Drilling down, Case addressed the escalating challenges in property cat and mounting concern in some corners of the industry around US casualty loss cost inflation. “And the problem is that’s not a total cost of risk problem, that’s a return on capital problem – and so it’s going to go beyond the risk buyer.”

“They’re going down the hall to talk to the Treasurer and the CFO. It’s a different conversation and that’s why you have to come back with an integrated set of solutions. That isn’t just ‘here’s your placement’ - it really is connecting risk to capital.”

He predicted that the pressure these changes are creating will only become more intense in the coming years.

“Certain segments might become attractive to us”  

Aon has been a major margin story over the last decade-plus, driving a ~1100-bps improvement in operating margin, and Case stressed that one of the derivative financial impacts of the new plan would be additional margin growth.

But the margin growth does not reflect extracting additional economics for shareholders, he said. “When we create new value for clients, we’re also creating value for our shareholders.”

Referencing the creation of a parametric bond for a tech company that pays out to their staff in case of a hurricane, Case argues this type of content and capability changes the calculus on value for clients and shareholders, “because we have a better, more valuable answer.”

Alongside the impact of increased operating leverage, Case stressed that the end of “free money” had changed market dynamics. “So certain segments might become attractive to us that weren’t attractive before.”

Case declined to address prior reporting from this publication that Aon has stepped up its search for an acquisition or acquisitions that will allow it to enter the US mid-market and US wholesale segments. (For background see: “Aon steps up search for major US acquisition” and “Aon: The moment for dealmaking”)

However, he argued that the central reasons for the 3x3 plan were client reasons. “Most importantly of all, by doing this, we are going to have tools and capabilities with our clients that we think they need and are unique,” he said.

“Organisations are people”  

Aon under Case’s leadership has become known for frequent evolution of its operating model and structure, including most dramatically via its Aon United programme that saw the creation of a single brand, single P&L, and single executive leadership team.

Pressed on the idea that the 3-year plan was focused around mechanical changes to the group, Case pushed back. “Organisations are people.
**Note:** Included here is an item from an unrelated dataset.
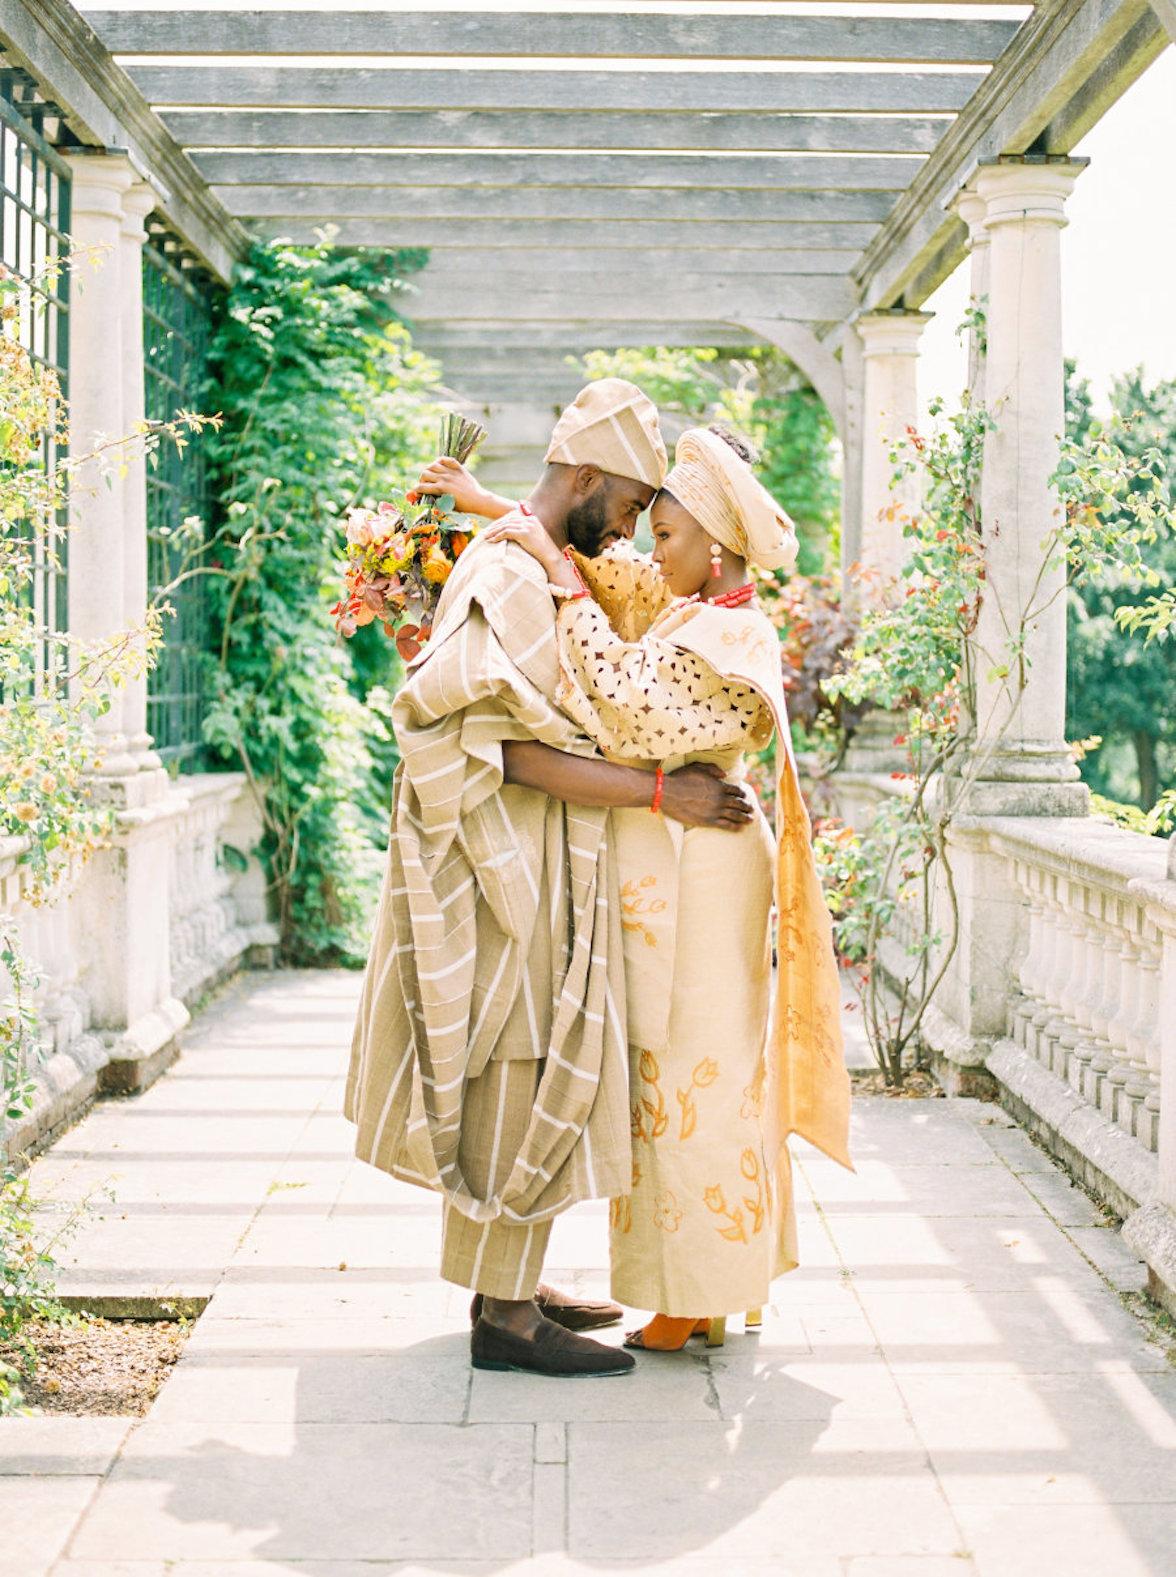 13 Beautiful Wedding Traditions From Around the World

People and culture are enormously more powerful than any strategy in the world,” he argued, stressing that much of the last decade had been spent building a unified culture.

He also rejected the idea that the organisation might suffer from change fatigue. “The second piece is change doesn’t create fatigue. Change without impact creates fatigue. Change that drives impact creates energy.”

Change doesn’t create fatigue – change without impact creates fatigue

Referencing tech firms that are constantly changing themselves and driving hard, Case said: “they’re on a mission that they feel has impact. For us, it’s matching capital with risk in a way that reduces volatility in the world.

“When you really wire that up, and you have impact at a client level, that’s energy. And we’re enabling more energy.”

The Aon 3x3 strategy graphic has been updated to clarify that the strategy comprises three commitments over three years, not one commitment per year.